2-  Evaluation of Hydrodynamics and Absorption Efficiency of a Pilot Plant Column for Carbon Dioxide Capture

Abstract 

Greenhouse gas emissions have increased exponentially since the start of the industrial revolution. The main dominant gas is carbon dioxide which is mainly released from fuel combustion processes. Developing a process to capture the carbon dioxide emissions is crucial to avoid dramatic climate change.The absorption column is a widely used separation unit for gas emissions treatment.  This dissertation explored a wide range of carbon dioxide absorbents and the internal design options of the column to minimise the capture cost. The internal design affects the hydrodynamics of the column which has to been evaluated to maintain the operation at the optimum level. The pressure drop and flooding velocities were the main hydrodynamics properties to be analysed. Series of experiments were conducted in a pilot plant absorption column mainly to investigate the hydrodynamics of the column and its capture efficiency. The column has double packing beds of a total height of 2.8 m and a diameter of 0.3 m. The beds are equally divided into DuraPack^®glass structured packing and plastic pall ring random packing. It was observed that the pressure drop is strongly affected by the gas flowrate. By the aid of Robbins pressure drop model, the dry packing factor was determined, 30 ft^-1, for the recently released DuraPack^® packing. The Robbins model predicted the pressure drops accurately for structured packing over a wide range of flowrates. However, the predictions were insignificantly underestimated for the random packing.

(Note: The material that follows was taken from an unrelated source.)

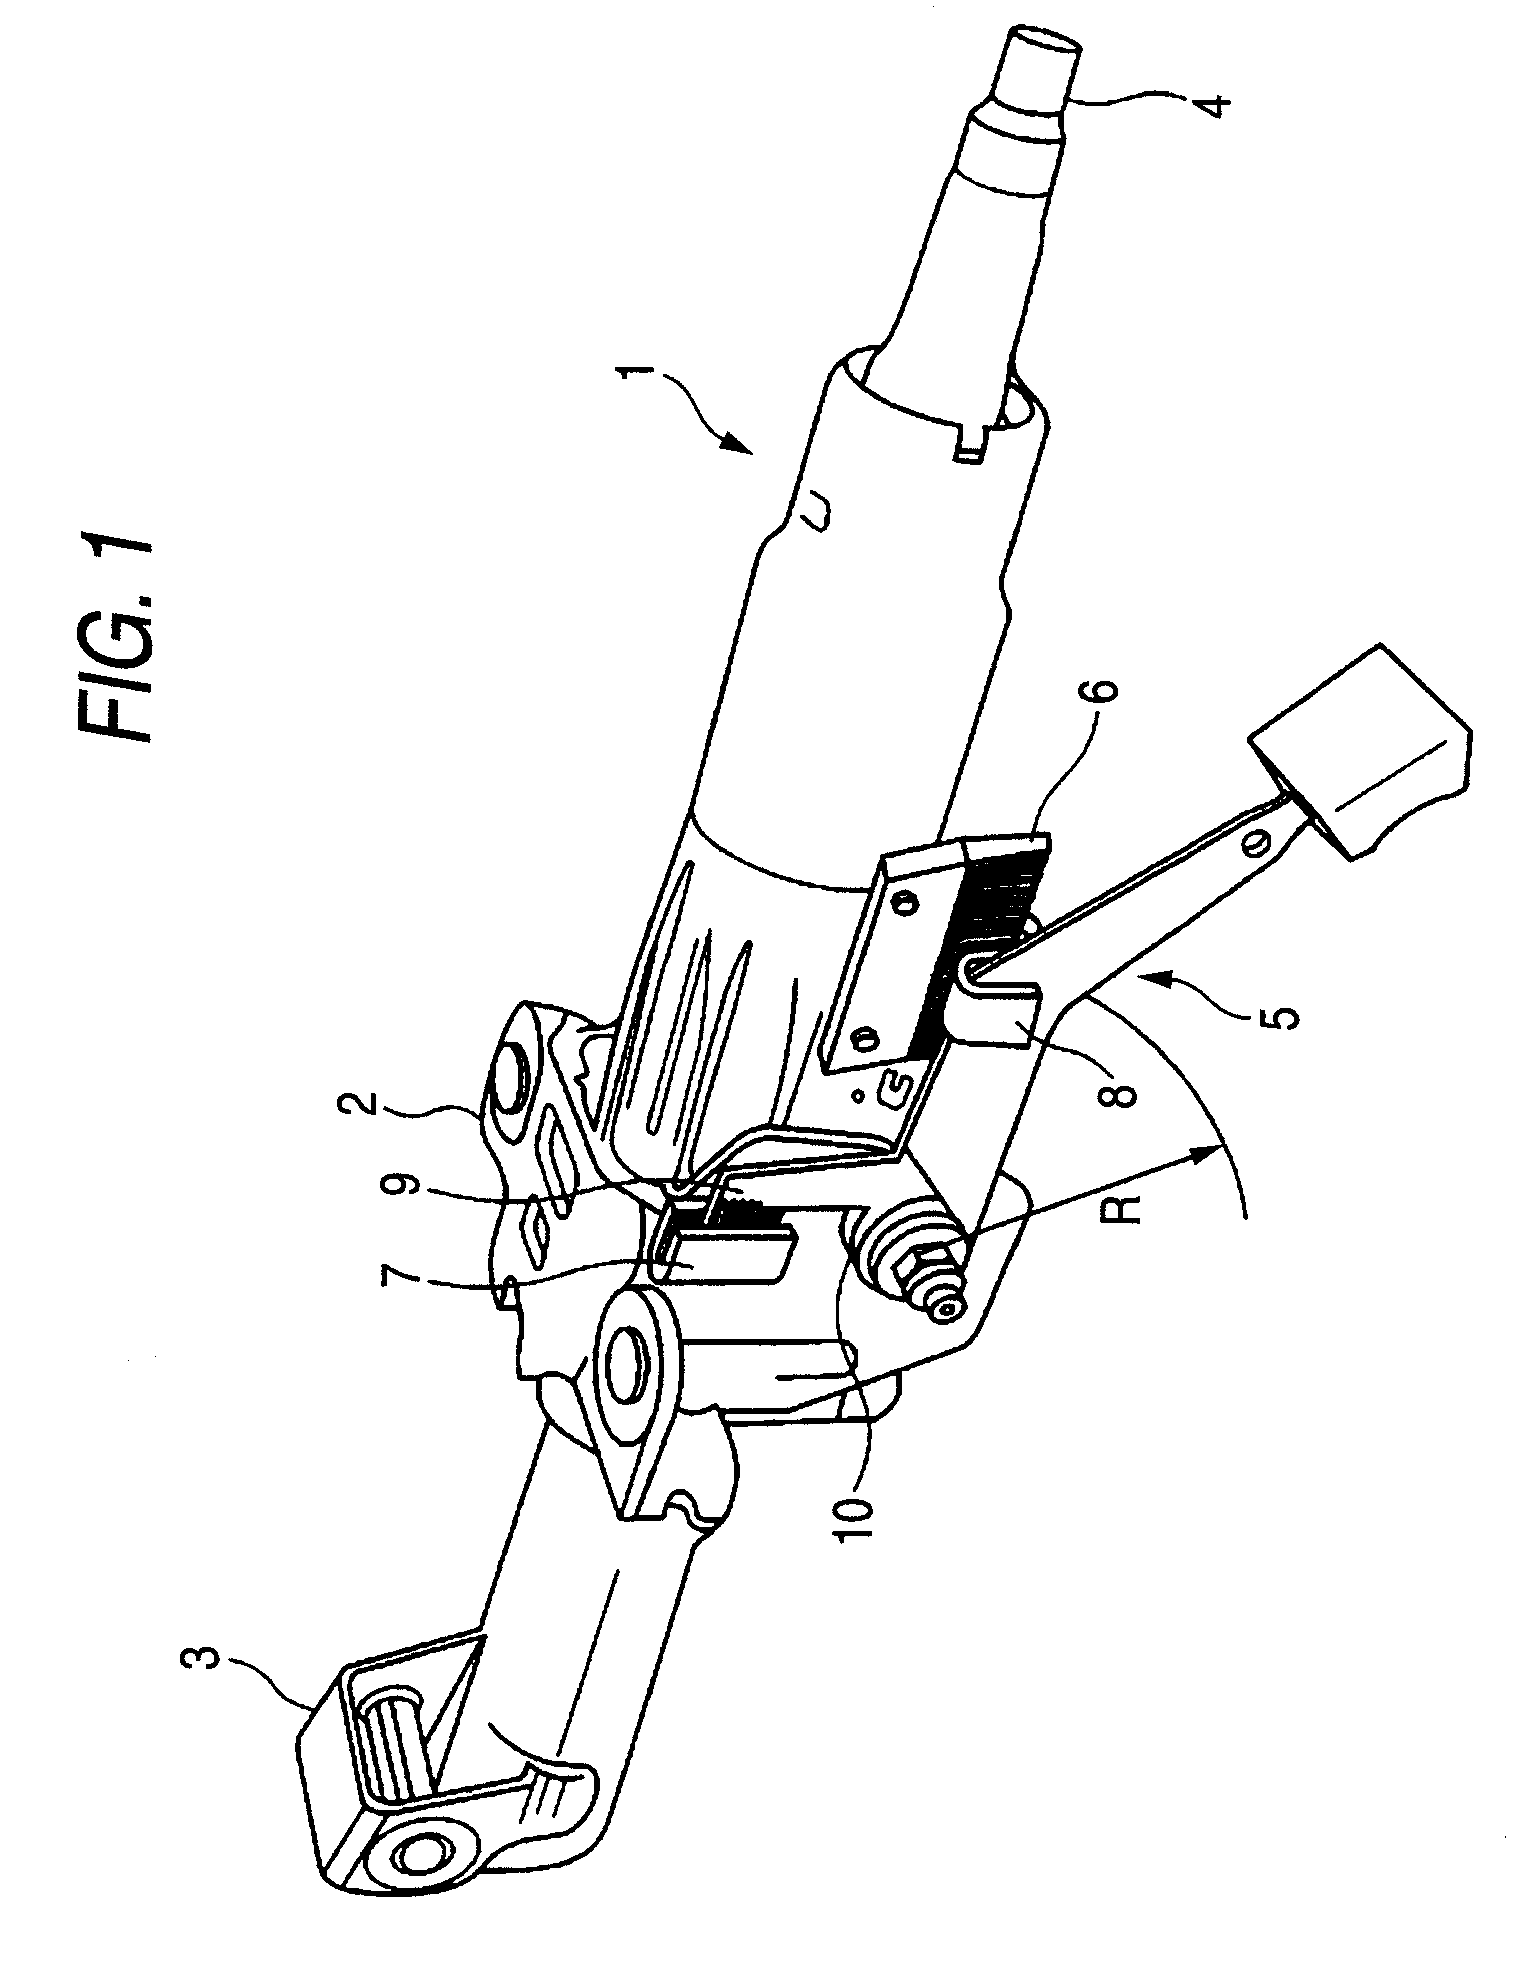 Steering column apparatus

In the flooding evaluation, the Billet and Schultes model slightly overestimated the flooding velocities for all ranges of flowrates. The capturing experiment revealed that the removal efficiency is directly proportional to sodium hydroxide concentration. At fixed solvent flowrate, the capture efficiency increases as the gas flowrate decreases. The optimum solvent flowrate was found to be around 25 l min^-1 for all chosen values of gas flowrates. The column was also modelled in Aspen HYSYS^® to predict the capture efficiency of the column when monoethanolamine is used as absorbent. In the air capture modelling, the efficiency is similar to the sodium hydroxide. However, the capture efficiency decreases as the carbon dioxide concentration increases in the gas inlet. The maximum capture efficiency is limited at 75% for all scenarios of the current column.

 

​